# Do the expressions of HLA-G and killer cell immunoglobulin-like receptors change in colorectal cancer?

**Authors:** Ezgi DİNÇER, Fatma KAYA DAĞISTANLI, Kıvanç Derya PEKER, Damlanur SAKIZ, Figen ABATAY SEL, Demet KIVANÇ, Hayriye ŞENTÜRK ÇİFTÇİ, Çiğdem KEKİK ÇINAR, Şule KARATAŞ, Fatma SAVRAN OĞUZ

PMC · DOI: 10.55730/1300-0144.6073 · Turkish Journal of Medical Sciences · 2025-08-19

## TL;DR

This study explores how HLA-G and KIR molecules are expressed in colorectal cancer, suggesting they may help predict cancer outcomes and guide future immunotherapy.

## Contribution

The study reveals increased HLA-G and KIR expression in CRC and their variability within tumors, suggesting potential as biomarkers and therapeutic targets.

## Key findings

- HLA-G was positive in 16.7% of CRC patient samples, with no staining in controls.
- KIR positivity was significantly higher in CRC tissues compared to controls.
- KIR expression varied within the same tumor and was associated with patient age.

## Abstract

The immune system functions as a well-coordinated defense mechanism, protecting the host from both external pathogens and internal threats. Cancer cells often display surface antigens that the immune system can recognize as foreign, potentially triggering an immune response. However, many cancer cells evade detection by downregulating or completely losing these surface antigens. The immune system relies on the expression of surface antigens and human leukocyte antigens (HLA) to identify and target tumor cells. One key method by which tumor cells evade natural killer (NK) cells involves alterations in HLA antigens.

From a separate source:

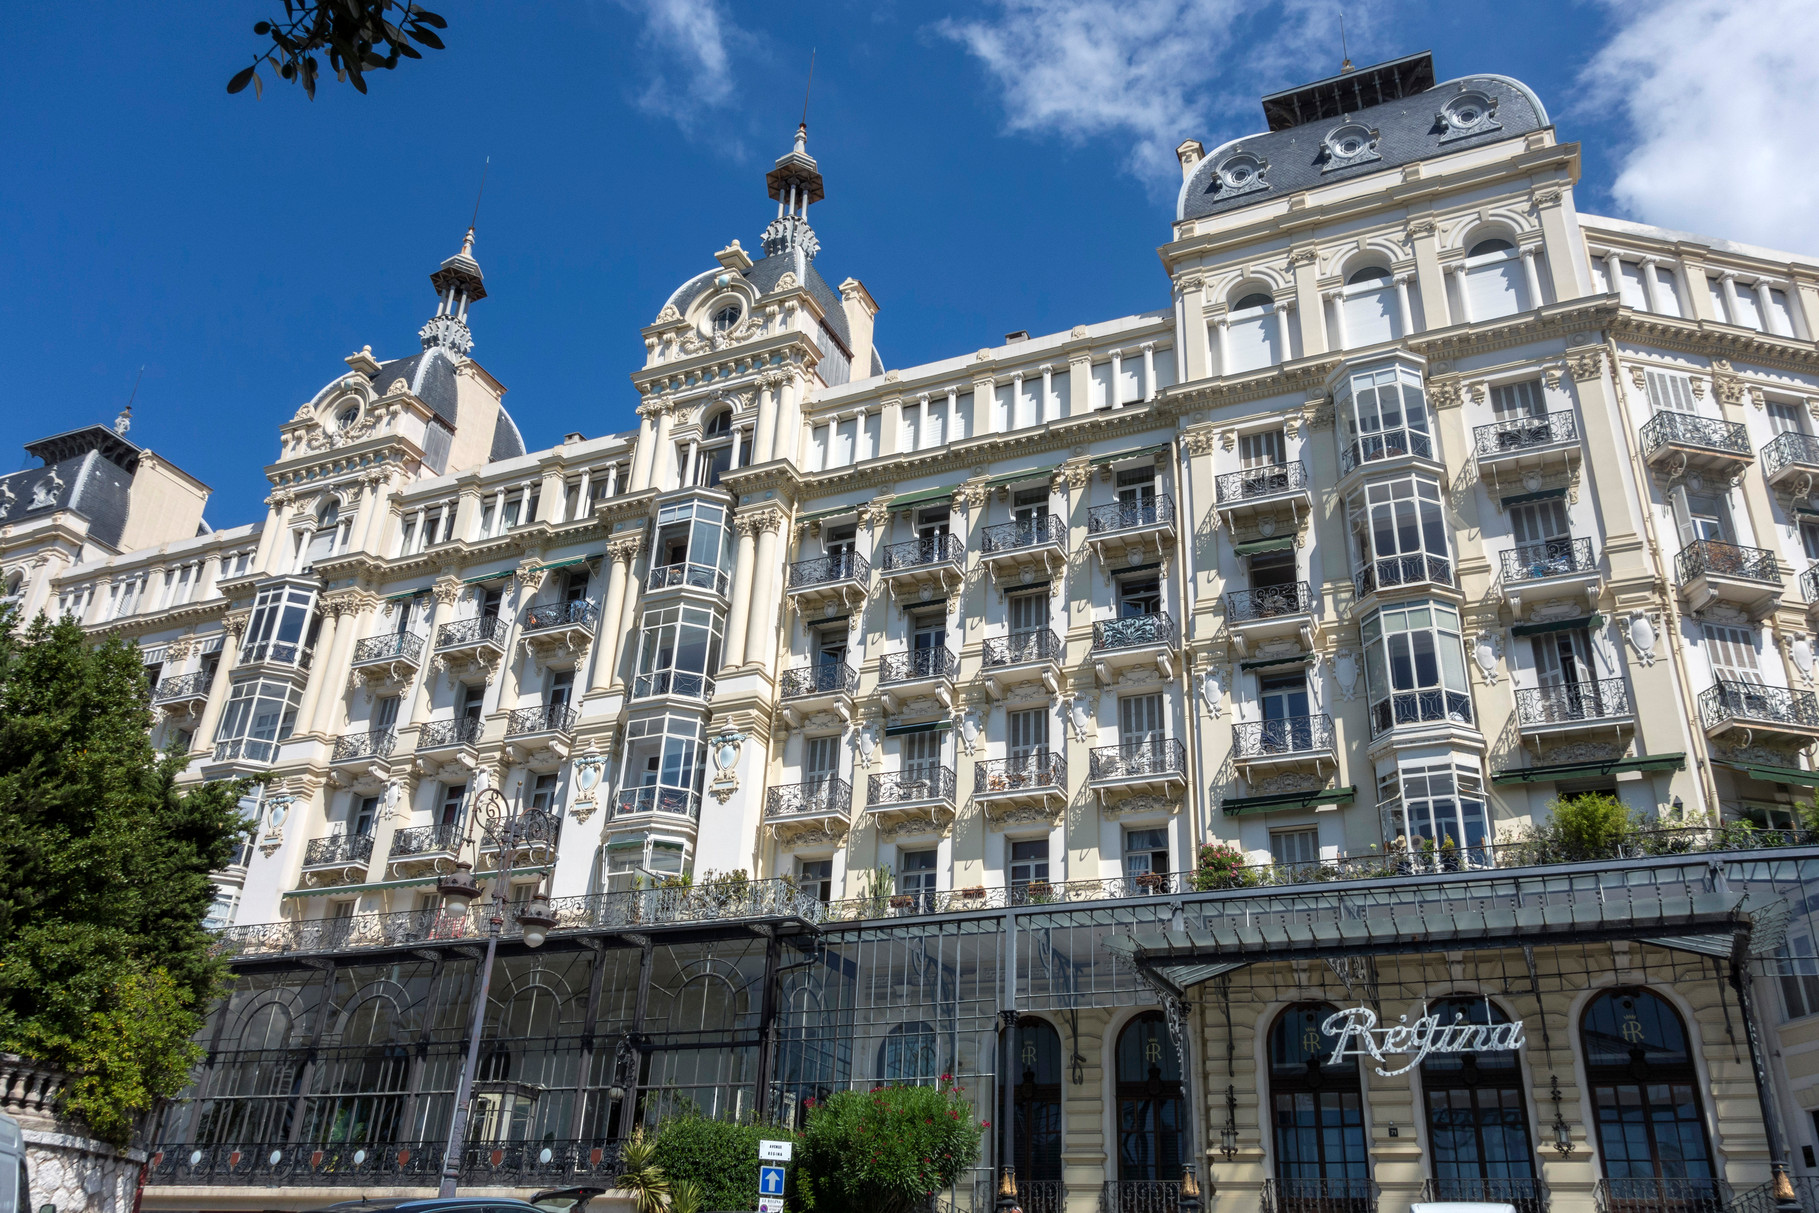 Palais Régina am Boulevard de Cimiez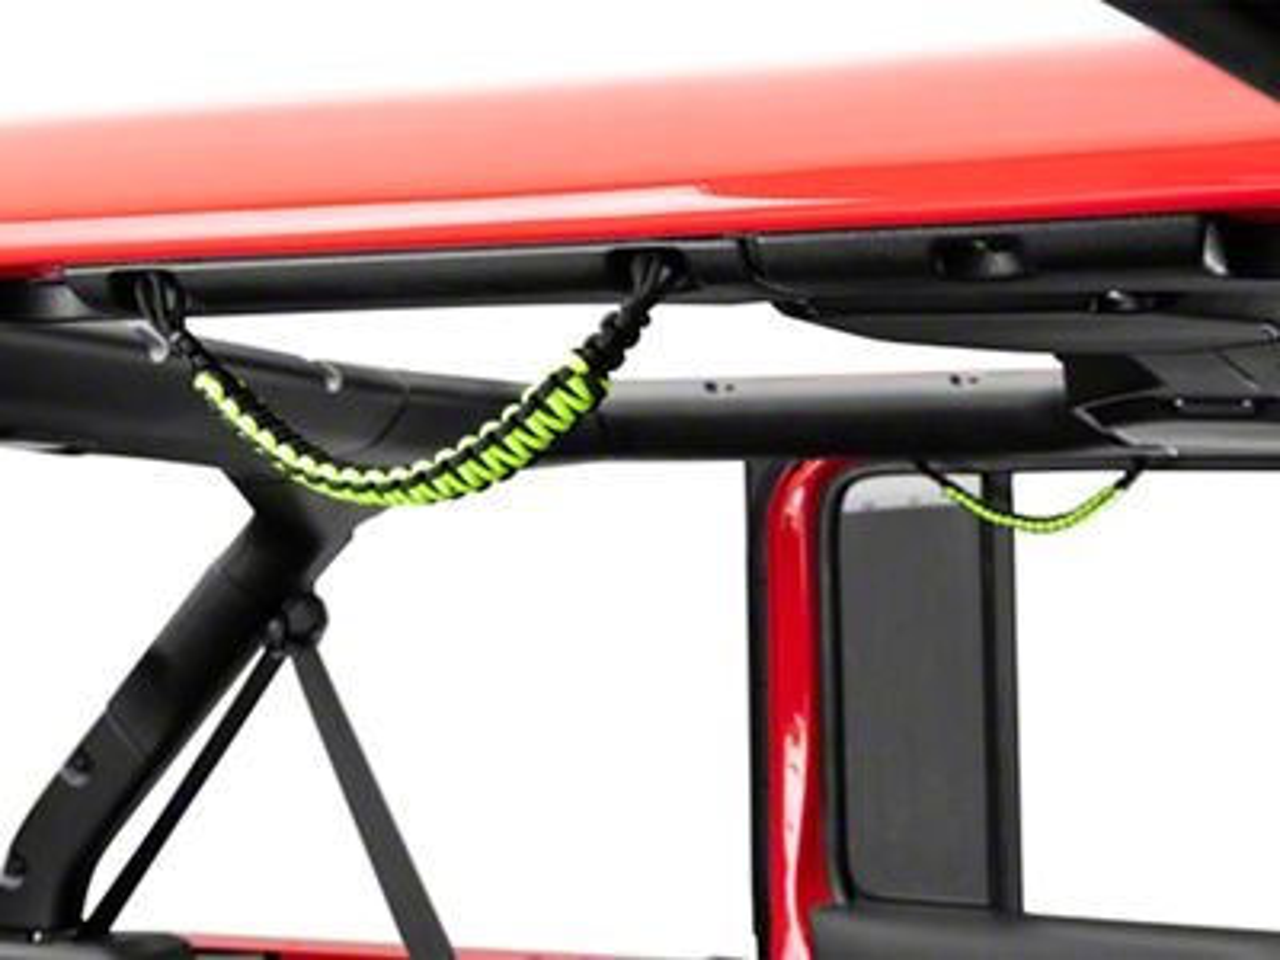 Alterum Rear Soundbar Paracord Grab Handles - Black and Neon Green (07-18 Jeep Wrangler JK 4 Door; 18-19 Jeep Wrangler JL 4 Door)

Colorectal cancer (CRC) is known to cause various changes in the immune system, including the increased expression of HLA antigens on cell surfaces, reduced functionality of NK cells, and mechanisms for immune evasion.

The aim of this study was to investigate the possible roles of innate immunity and associated HLA-G molecules in the development of CRC by examining tumor tissue samples.

We evaluated soluble HLA-G (sHLA-G) levels via ELISA, investigated HLA-G expression loss in tumor samples through immunohistochemistry (IHC), and assessed killer cell immunoglobulin-like receptor (KIR) expression on NK cells in tumor tissues.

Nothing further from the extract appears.